Works great! now do you think I should spend time on extending the volume because windows can't do it and changing the drive letter to c: or it is more simple to reinstall windows 7 completely?

if i should extend the volume and change the drive letter is there an easy way to do these things?

Thanks


----------



## canivari

ultimate7 said:


> Works great! now do you think I should spend time on extending the volume because windows can't do it and changing the drive letter to c: or it is more simple to reinstall windows 7 completely?
> 
> if i should extend the volume and change the drive letter is there an easy way to do these things?
> 
> Thanks



Thats good news!!
I believe that windows can extend the the partition it self.
First you need to convert your disk to became an Dynamic disk.
To do that in Disk Management console right click in the smal square (where is saying "Disk 0 Basic XXXXGB online" and choose in one of the options when you right click it that says "Convert to Dynamic Disk".
After that done, now you can click on the free space and mout it in an empty folder inside of the D drive (for example create an empty folder on your desktop and point the free space to there and any time you need to 
need space to store stuff just save it there because all the unalocated space is on that folder now).
Hope that helps


----------



## ultimate7

what will the dynamic disk will do?

I heard that you can only extend a volume when it is at left. Mine is at right and the extend volume is gray.

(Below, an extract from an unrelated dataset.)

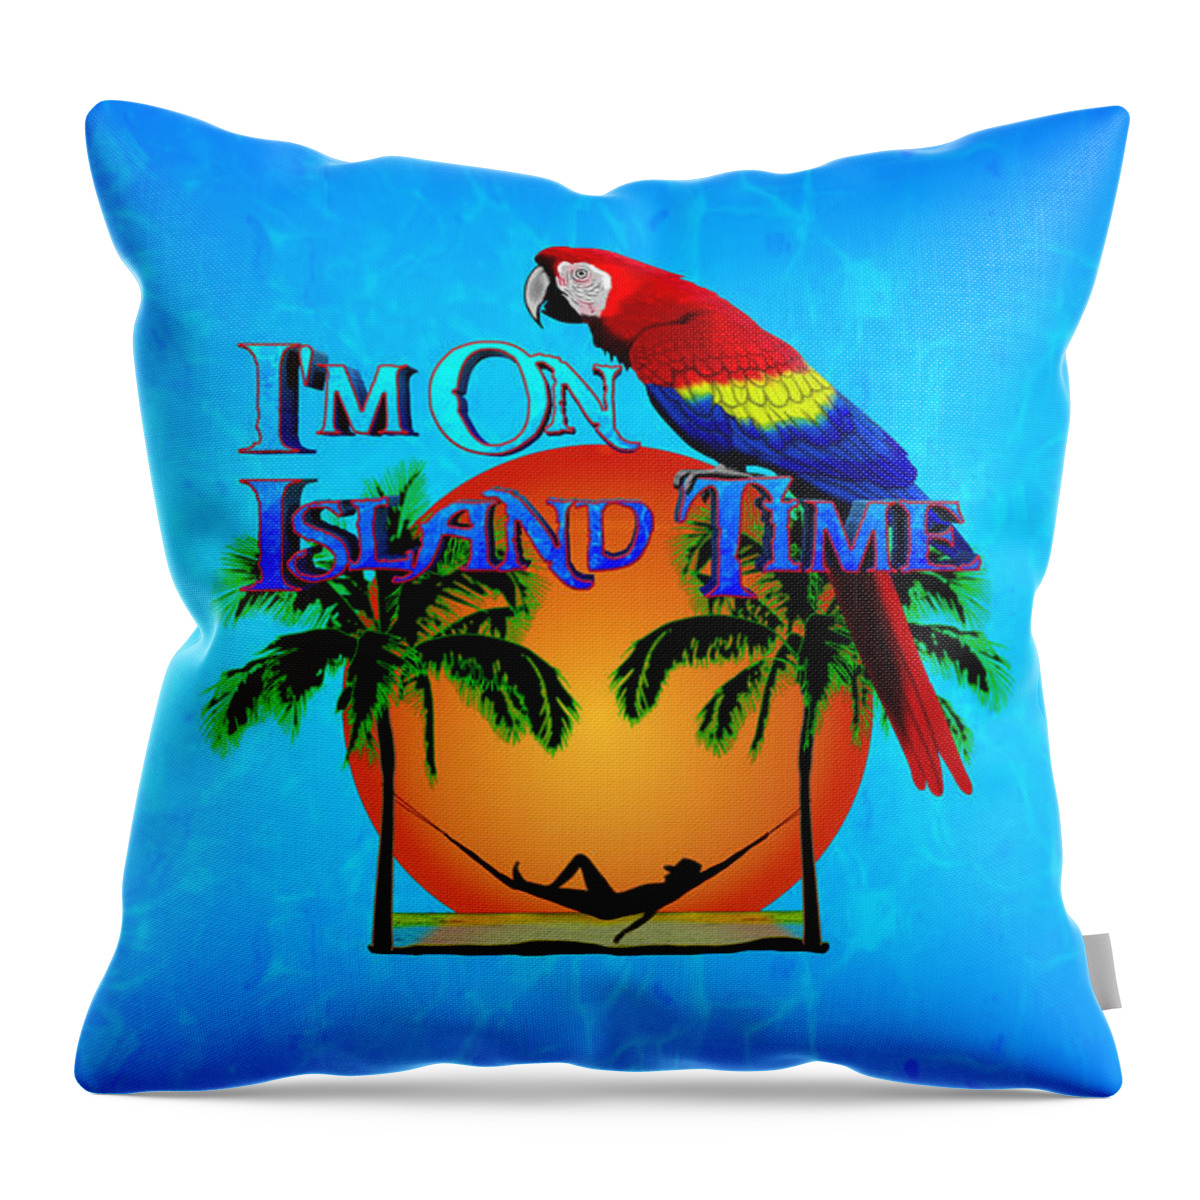 Island Throw Pillow featuring the digital art Island Time And Parrot by Chris MacDonald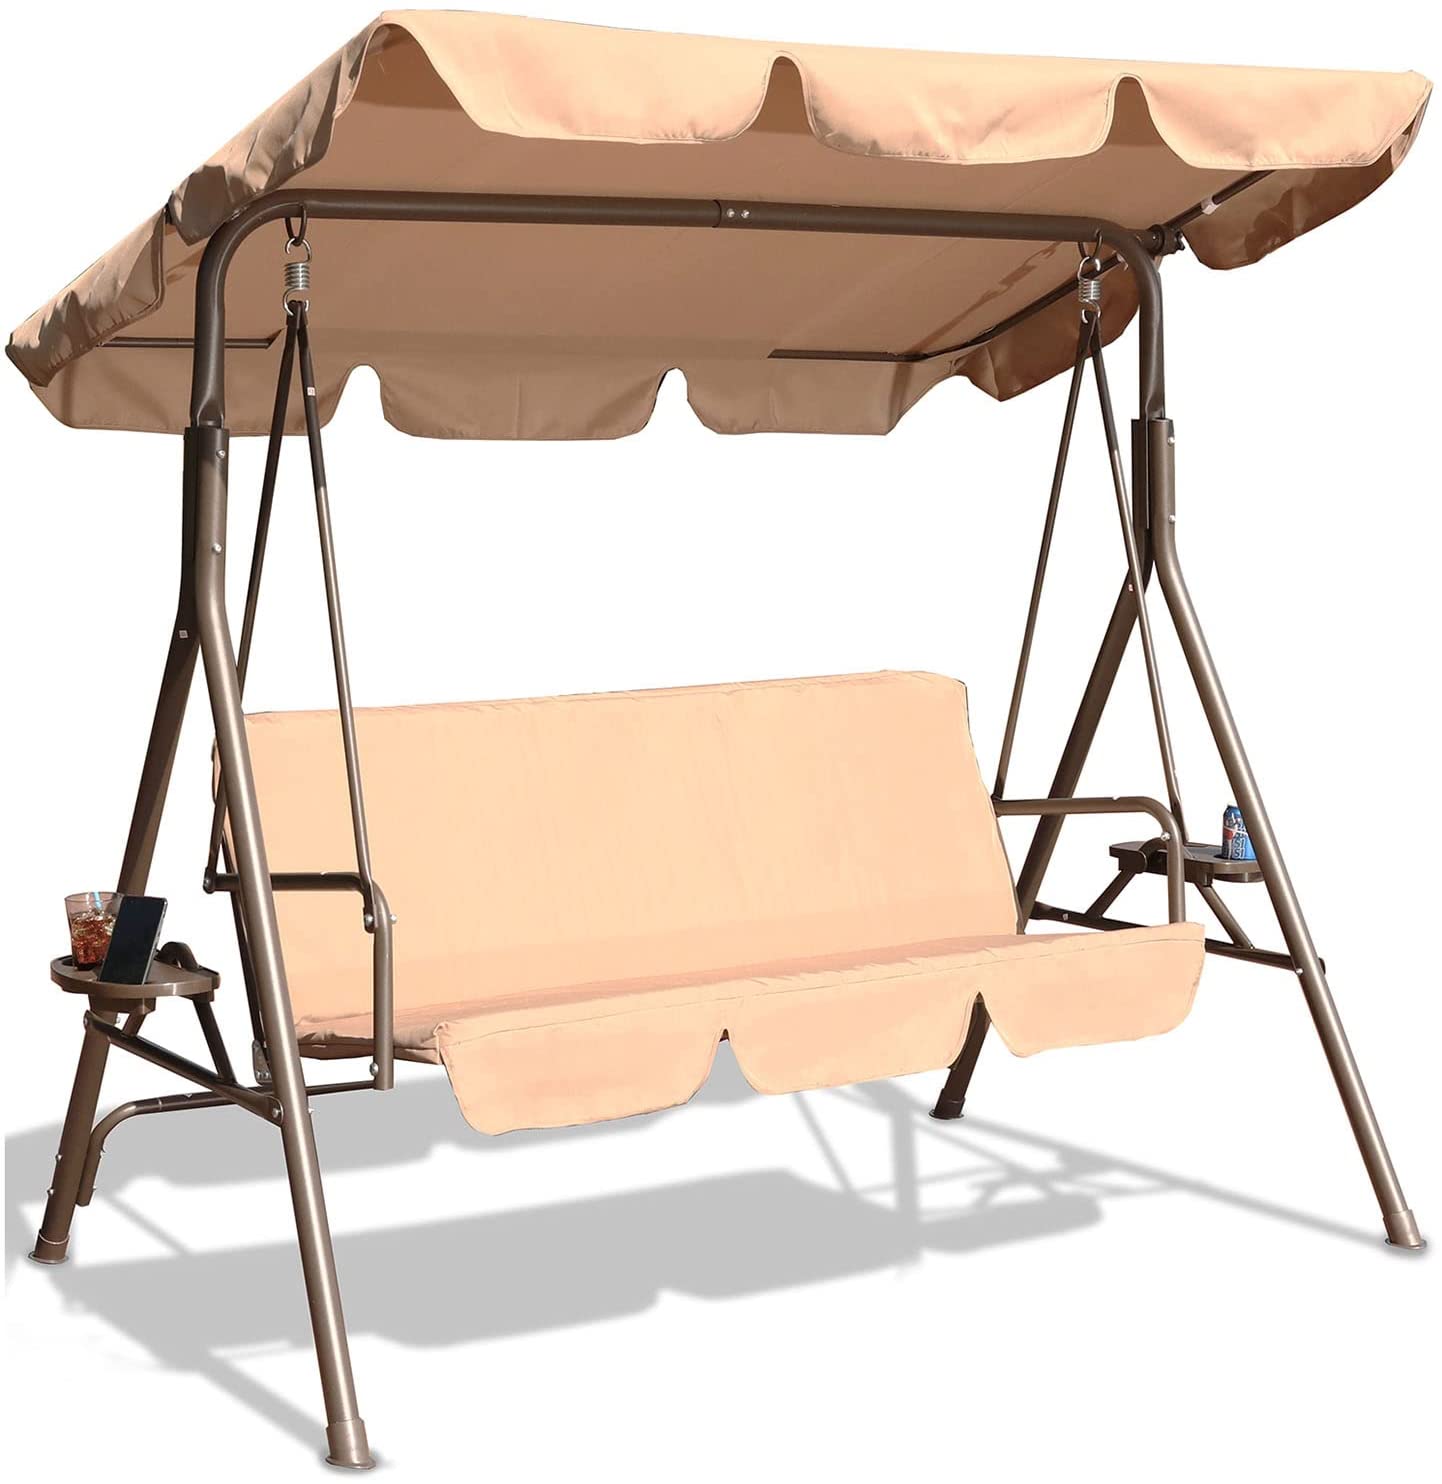 Swing Canopy Cover Chair cover Outdoor Swing Tent cover Waterproof Sunscreen Canopy KGORGE Store

Beside is unallocated space.

Thank you


----------



## canivari

ultimate7 said:


> what will the dynamic disk will do?
> 
> I heard that you can only extend a volume when it is at left. Mine is at right and the extend volume is gray.
> 
> Beside is unallocated space.
> 
> Thank you



Well, the Dynamic Disk conversion will let you extend partitions in this case you c: drive becoming an extended partition of your D: drive.
Doesnt matter in this case if you want to extend a volume when it is at left or right, just after you convert the the Disk to be an dynamic, take the unalocatted free space and mount it as free space in an empty folder and that its it.
You see, converting disks to become dynamic disks gives the oportunity
to extend partitions (even with other disks) and mount them as an folder inside of the OS partition.


----------



## canivari

i forgot to tell you that your unalocatted space need to become an new volume and after becoming an new volume it needs to be an partition (need to use NTFS when choosing the type of formatting) and after that choosed, you will see an option to mount the new partition as an NTFS empty folder and you need to choose that one and tel him in wich folder want to mount that (in this case is the empty folder that you gonna create for example i your desktop) and point it to there.
Thats it.
Why mount empty spaces in NTFS Empty folders? this option wasa buiol;t for servers, any time that an company need more space in 
theyre servers shared folders, just add more disks and mount them there.Or else that add to stop the entire company, take old disks out put bigger ones,formatt the disks with OSs, install Active directories, assign policies to the entire company, Share permitions in each folder along with NTFS permissions, printers etc..(i think you got the point) it was too much time spender...
in your case, its better to use this because if gonna change the driver letter from D:\Program Files to C:\Program Files almost all your installed programs gonna have problems since they are registered (in registry) to boot from an D:\ drive and not from an C:\ drive!
So that is not a very good option for you at the moment.
But if this idea to mount he free unalocatted space left from XP is a litlle weird for you, you can always get an third party program to "join partitions" so you can merge the D: drive and the unalocatedd space left from XP like this tool that is free:

http://www.softsea.com/download/Partition-Wizard-Home-Edition.html

but remember, to do that, first you still need to update the disk to became an Dynamic disk too like the other option i gave you.


----------



## ultimate7

canivari said:


> i forgot to tell you that your unalocatted space need to become an new volume and after becoming an new volume it needs to be an partition (need to use NTFS when choosing the type of formatting) and after that choosed, you will see an option to mount the new partition as an NTFS empty folder and you need to choose that one and tel him in wich folder want to mount that (in this case is the empty folder that you gonna create for example i your desktop) and point it to there.
> Thats it.
> Why mount empty spaces in NTFS Empty folders? this option wasa buiol;t for servers, any time that an company need more space in
> theyre servers shared folders, just add more disks and mount them there.Or else that add to stop the entire company, take old disks out put bigger ones,formatt the disks with OSs, install Active directories, assign policies to the entire company, Share permitions in each folder along with NTFS permissions, printers etc..(i think you got the point) it was too much time spender...
> in your case, its better to use this because if gonna change the driver letter from D:\Program Files to C:\Program Files almost all your installed programs gonna have problems since they are registered (in registry) to boot from an D:\ drive and not from an C:\ drive!
> So that is not a very good option for you at the moment.
> But if this idea to mount he free unalocatted space left from XP is a litlle weird for you, you can always get an third party program to "join partitions" so you can merge the D: drive and the unalocatedd space left from XP like this tool that is free:
> 
> http://www.softsea.com/download/Partition-Wizard-Home-Edition.html
> 
> but remember, to do that, first you still need to update the disk to became an Dynamic disk too like the other option i gave you.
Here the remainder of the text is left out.